EXERCISE AIM - For this exercise, retype the lines from the one that holds "Der Schmetterling - Tampfauenauge" through the one that holds "INDUSTRIAL DINING TABLE" in the records below, both included, exactly and without pictures.
*** DATA EXTRACT Section Begins ***
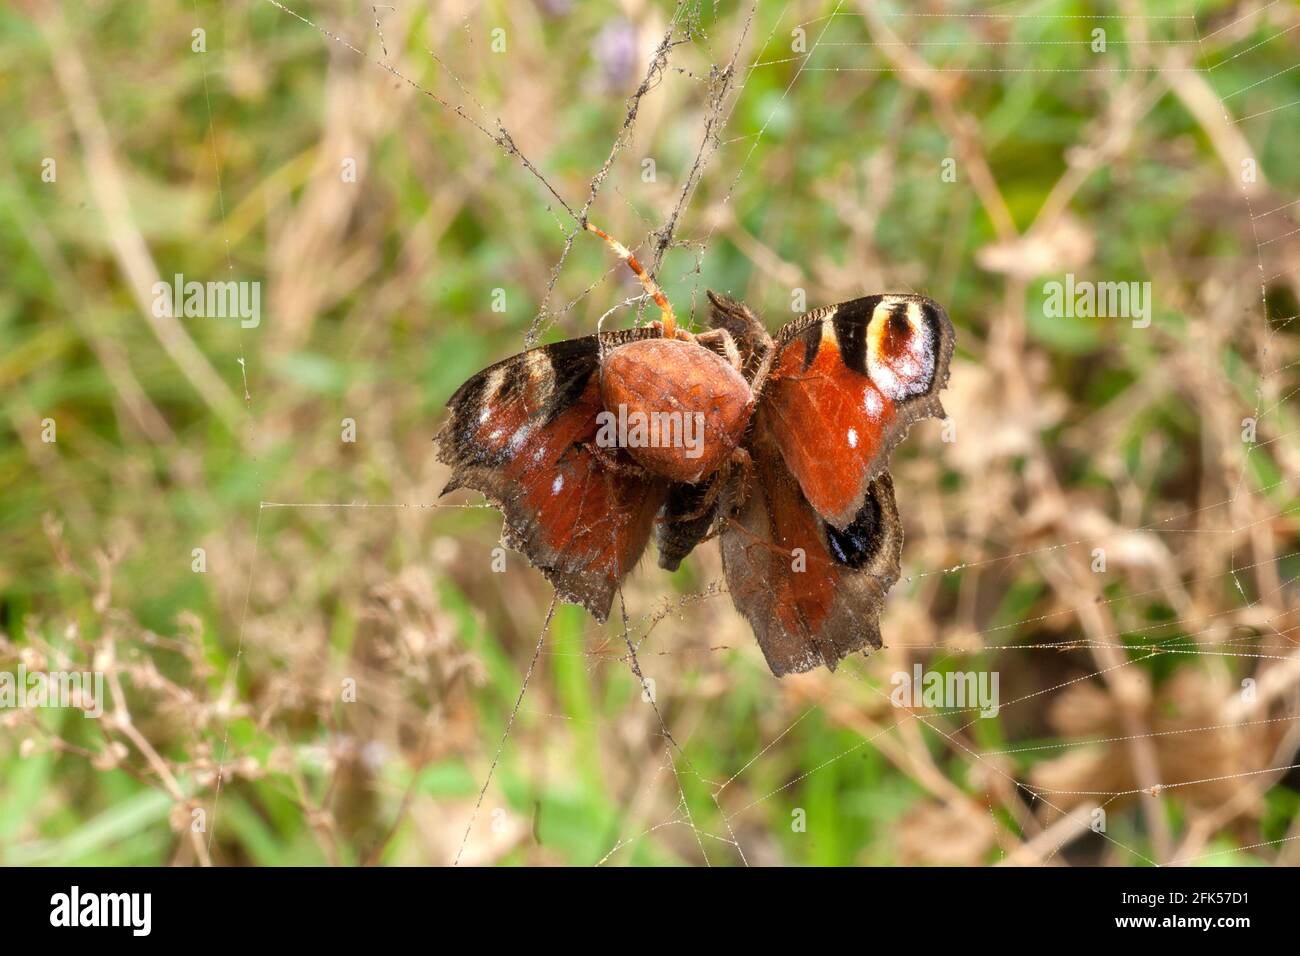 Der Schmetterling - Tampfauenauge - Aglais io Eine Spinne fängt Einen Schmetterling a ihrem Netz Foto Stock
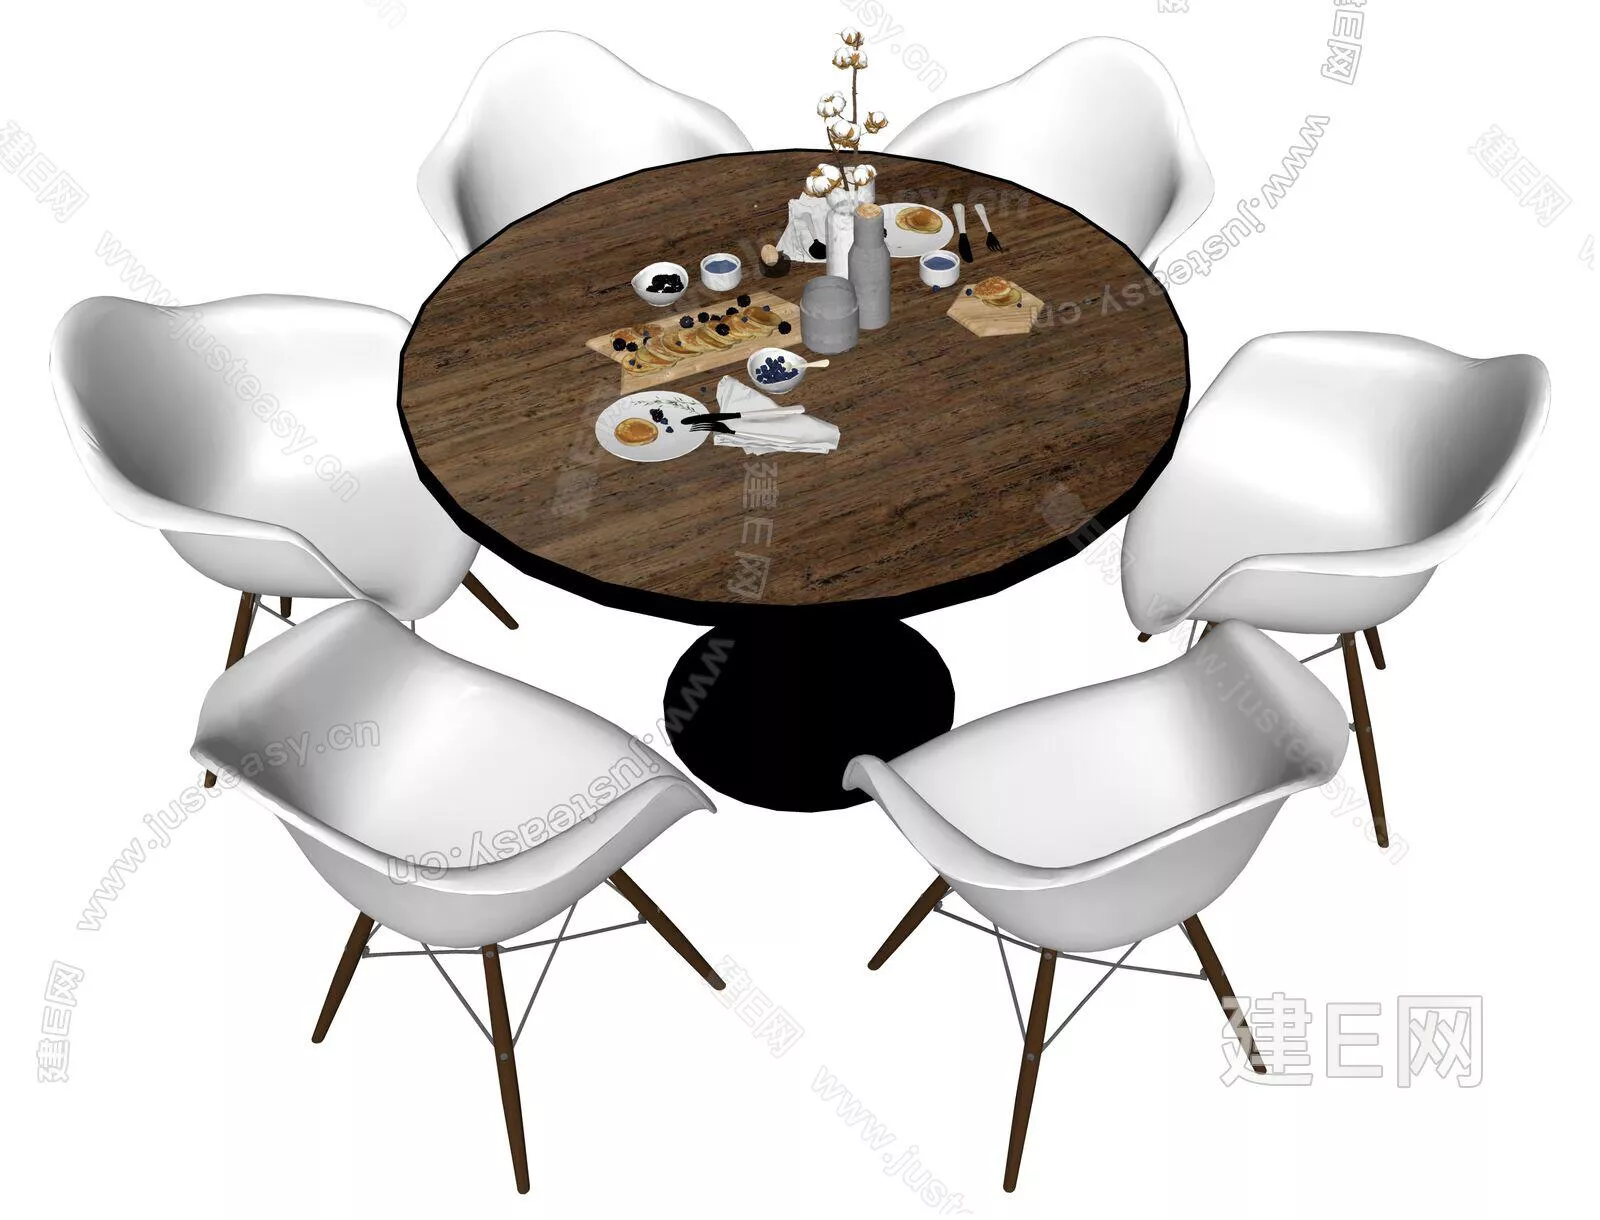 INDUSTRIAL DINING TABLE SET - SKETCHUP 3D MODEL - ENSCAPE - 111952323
*** DATA EXTRACT Section Ends ***
*** DATA EXTRACT Section Begins ***
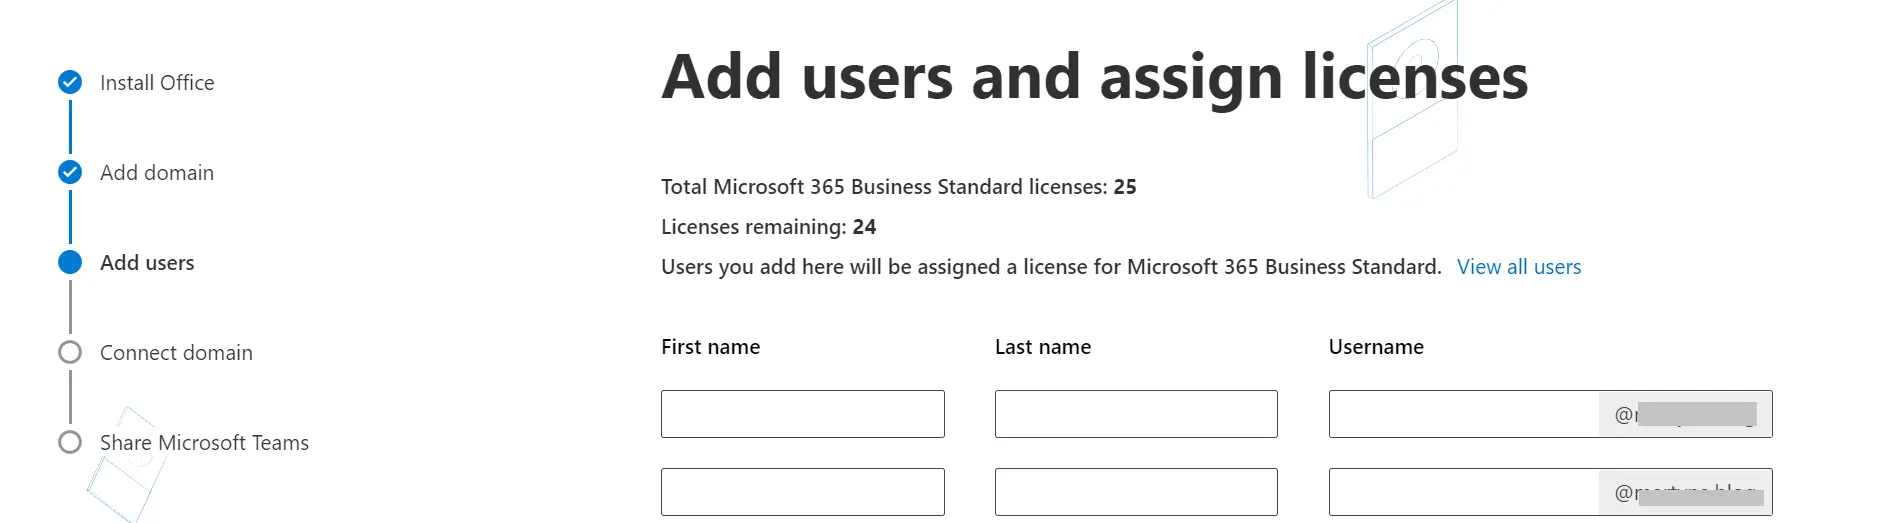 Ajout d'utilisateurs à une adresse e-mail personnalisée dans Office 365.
*** DATA EXTRACT Section Ends ***
OUTPUT FOR THIS EXERCISE -
 Der Schmetterling - Tampfauenauge - Aglais io Eine Spinne fängt Einen Schmetterling a ihrem Netz Foto Stock
 INDUSTRIAL DINING TABLE SET - SKETCHUP 3D MODEL - ENSCAPE - 111952323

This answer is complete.